*ASSIGNMENT*
Go through the listing and set it down exactly, leaving out its pictures.

*GIVEN MATERIAL*

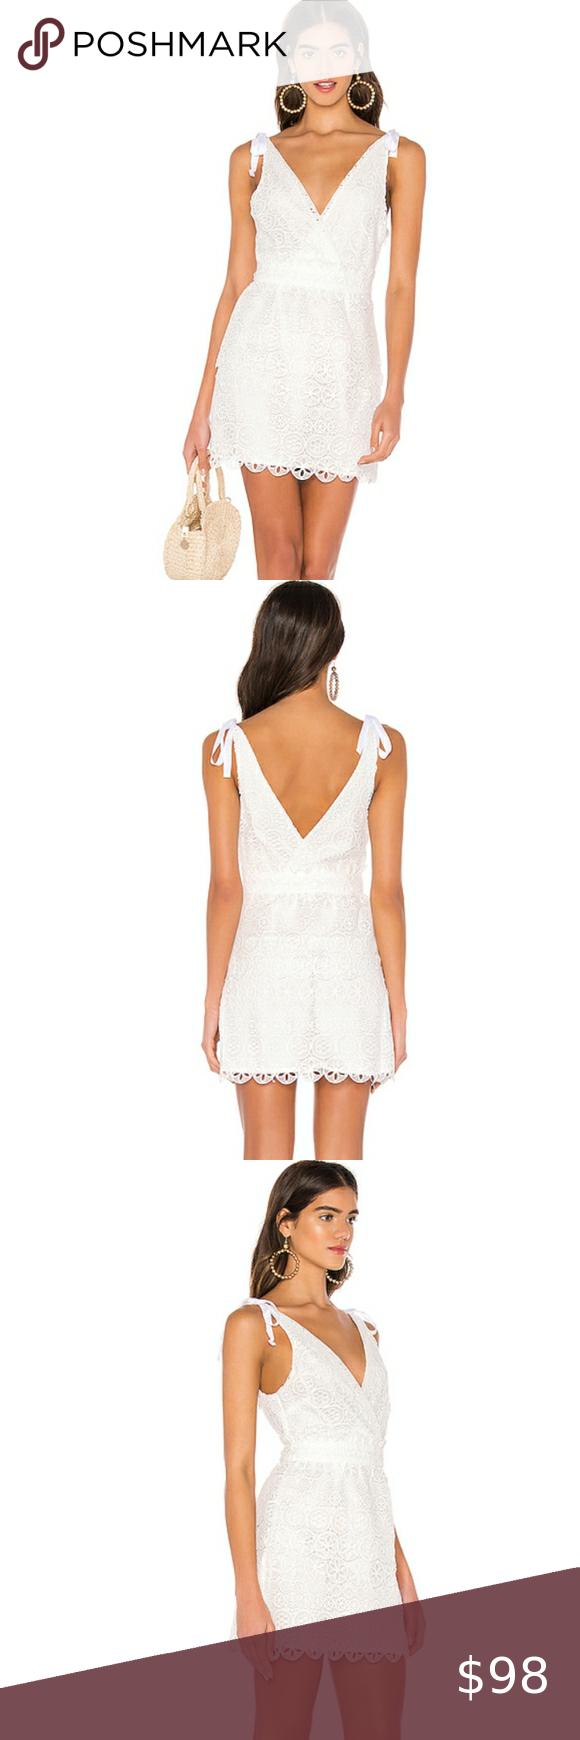 Majorelle Juliette White Lace Tie Straps Dress M Revolve Majorelle Juliette Tie Straps Medium White Lace Dress Nwt Lace White Dress Tie Strap Dress Strap Dress [ 1740 x 580 Pixel ]
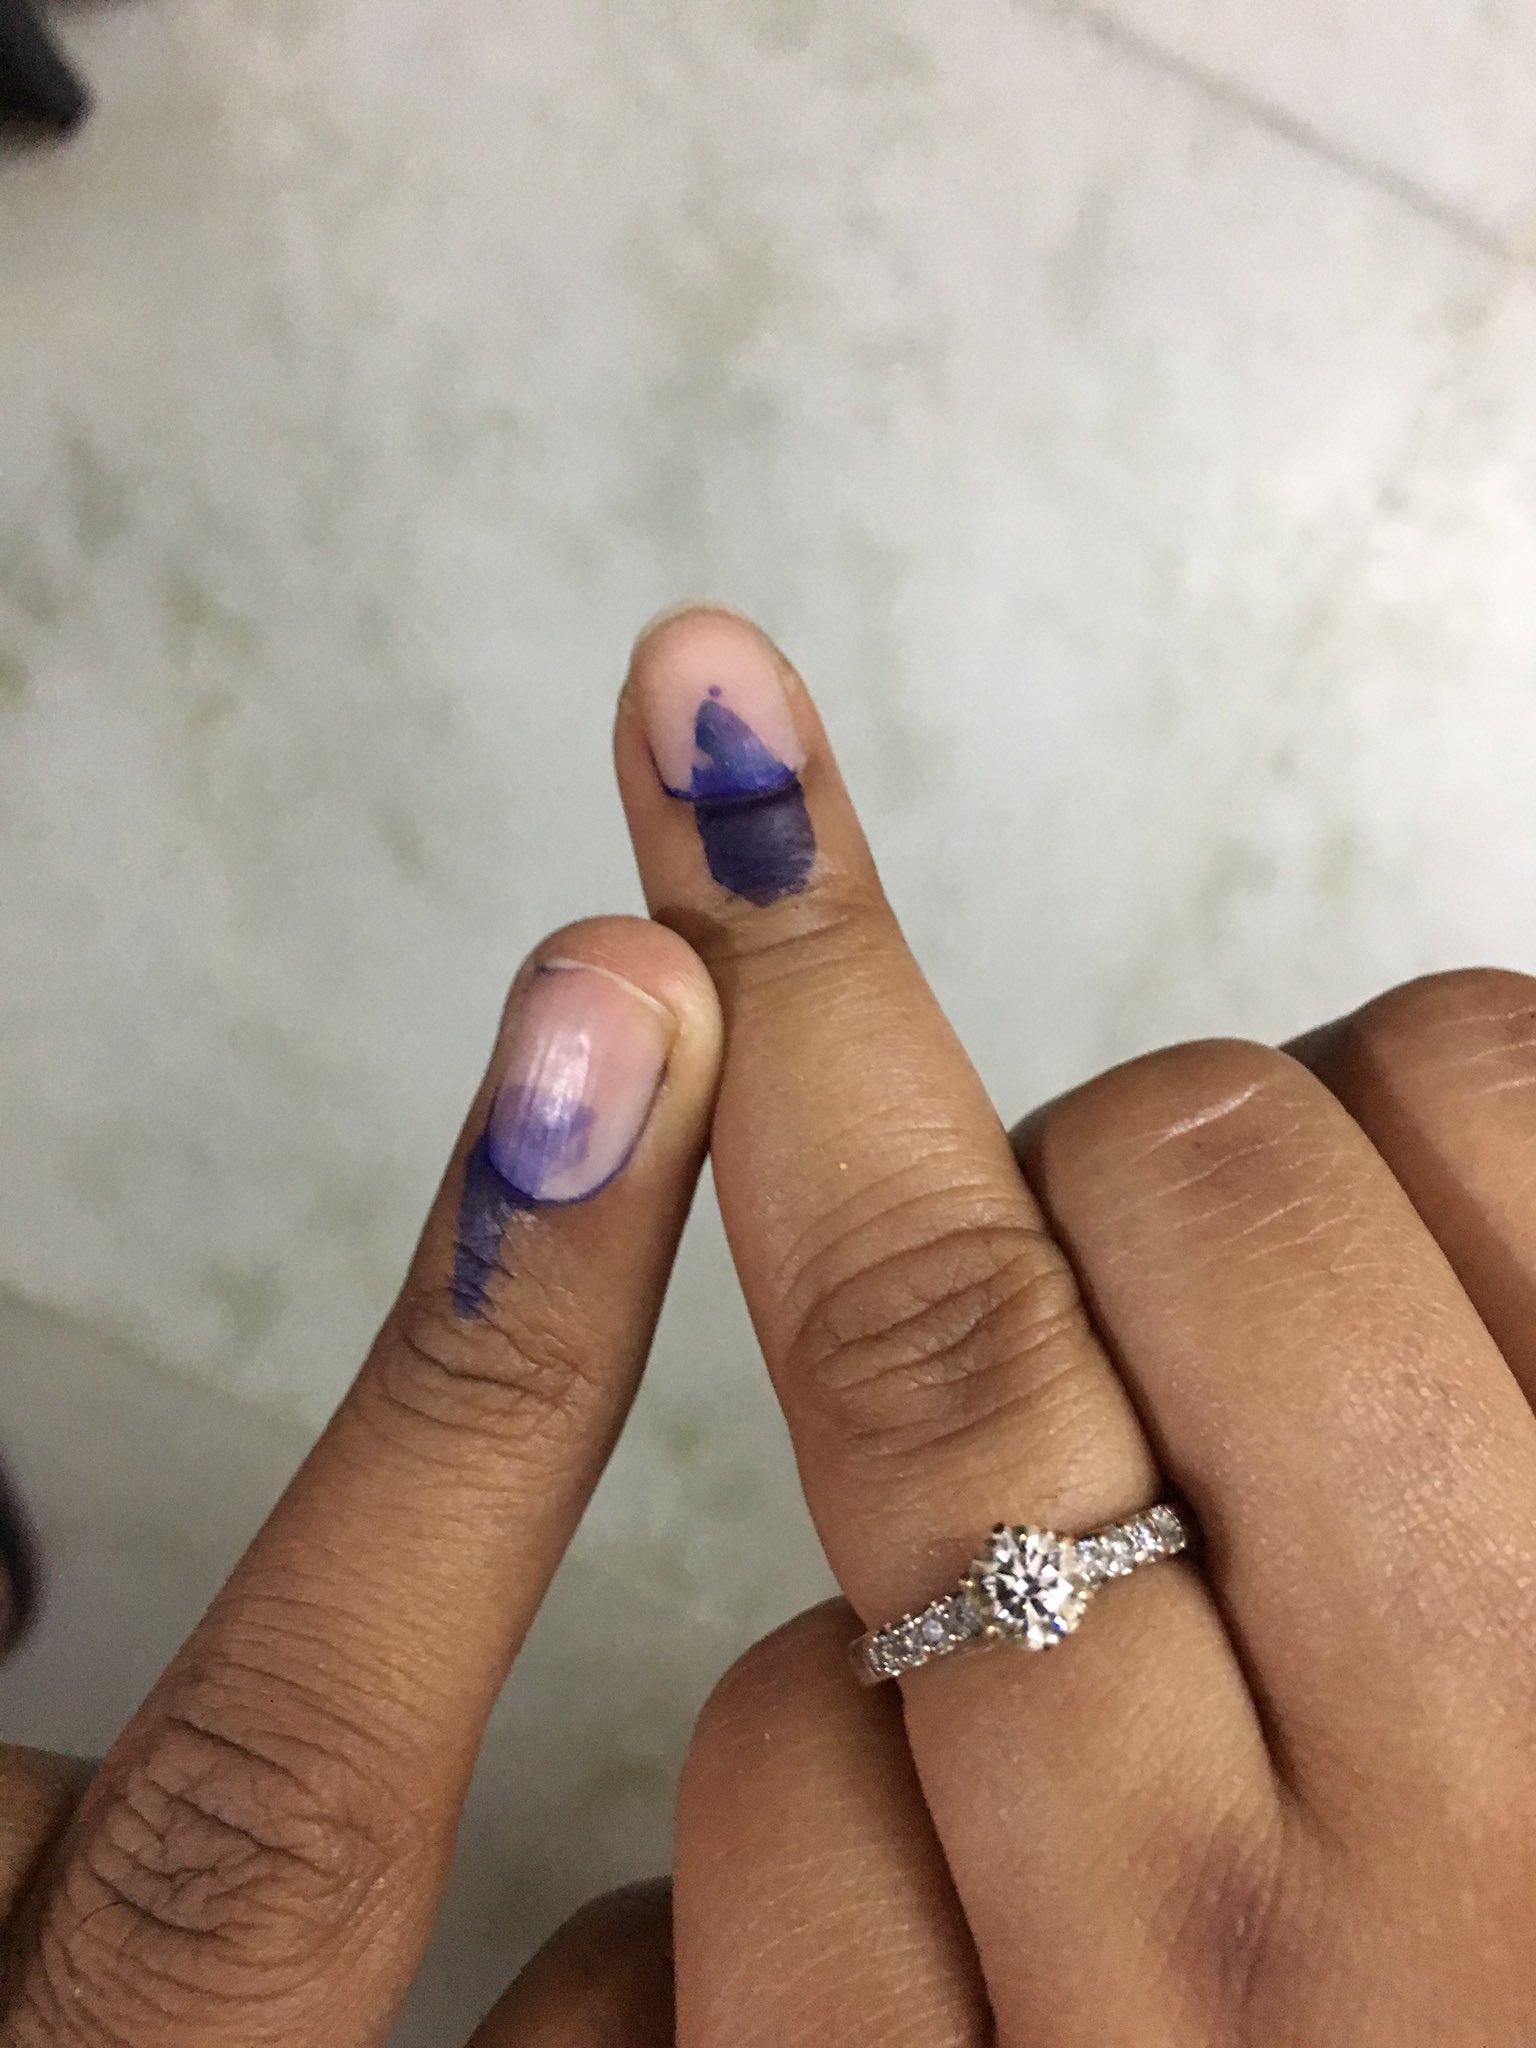 #MCDelections2017 Check. Hoping whosoever wins take concrete steps to clean delhi. #DelhiVotes ���� https://t.co/PRm2TFQgFF
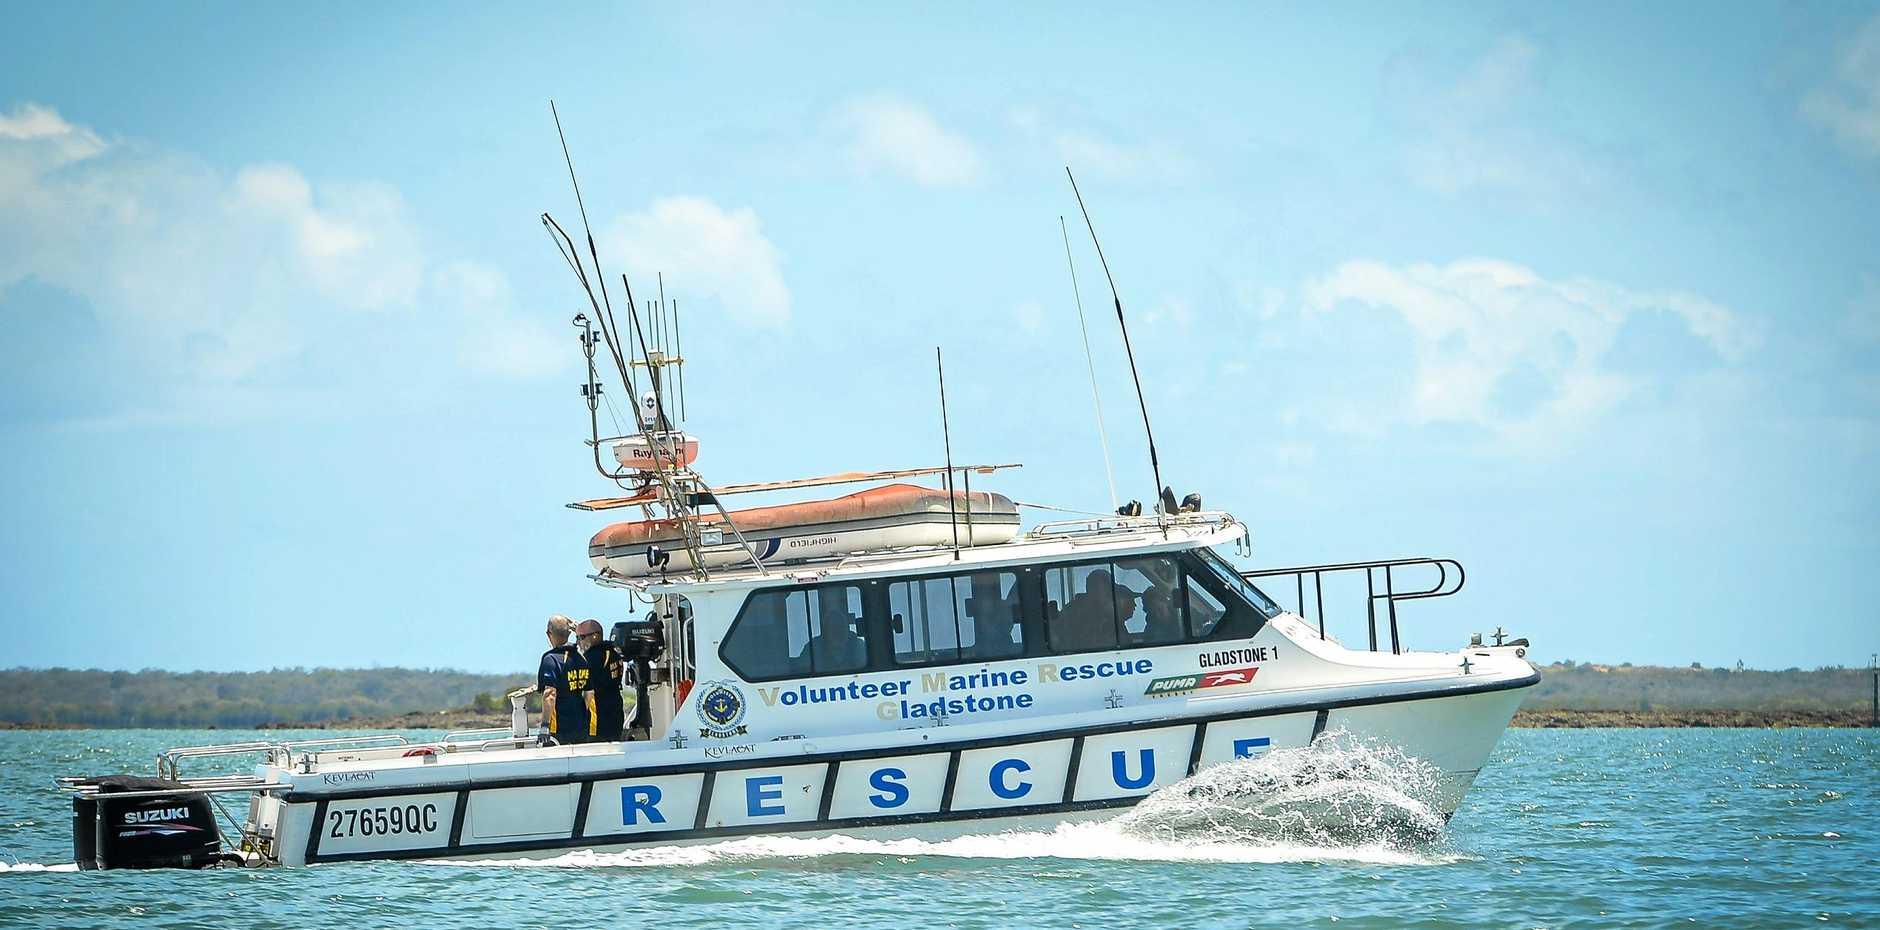 RAPID RESPONSE: Gladstone Volunteer Marine Rescue, Gladstone 1 VMR.

*ANSWER TO THIS PROBLEM*
 Majorelle Juliette White Lace Tie Straps Dress M Revolve Majorelle Juliette Tie Straps Medium White Lace Dress Nwt Lace White Dress Tie Strap Dress Strap Dress [ 1740 x 580 Pixel ]
 #MCDelections2017 Check. Hoping whosoever wins take concrete steps to clean delhi. #DelhiVotes ���� https://t.co/PRm2TFQgFF
 RAPID RESPONSE: Gladstone Volunteer Marine Rescue, Gladstone 1 VMR.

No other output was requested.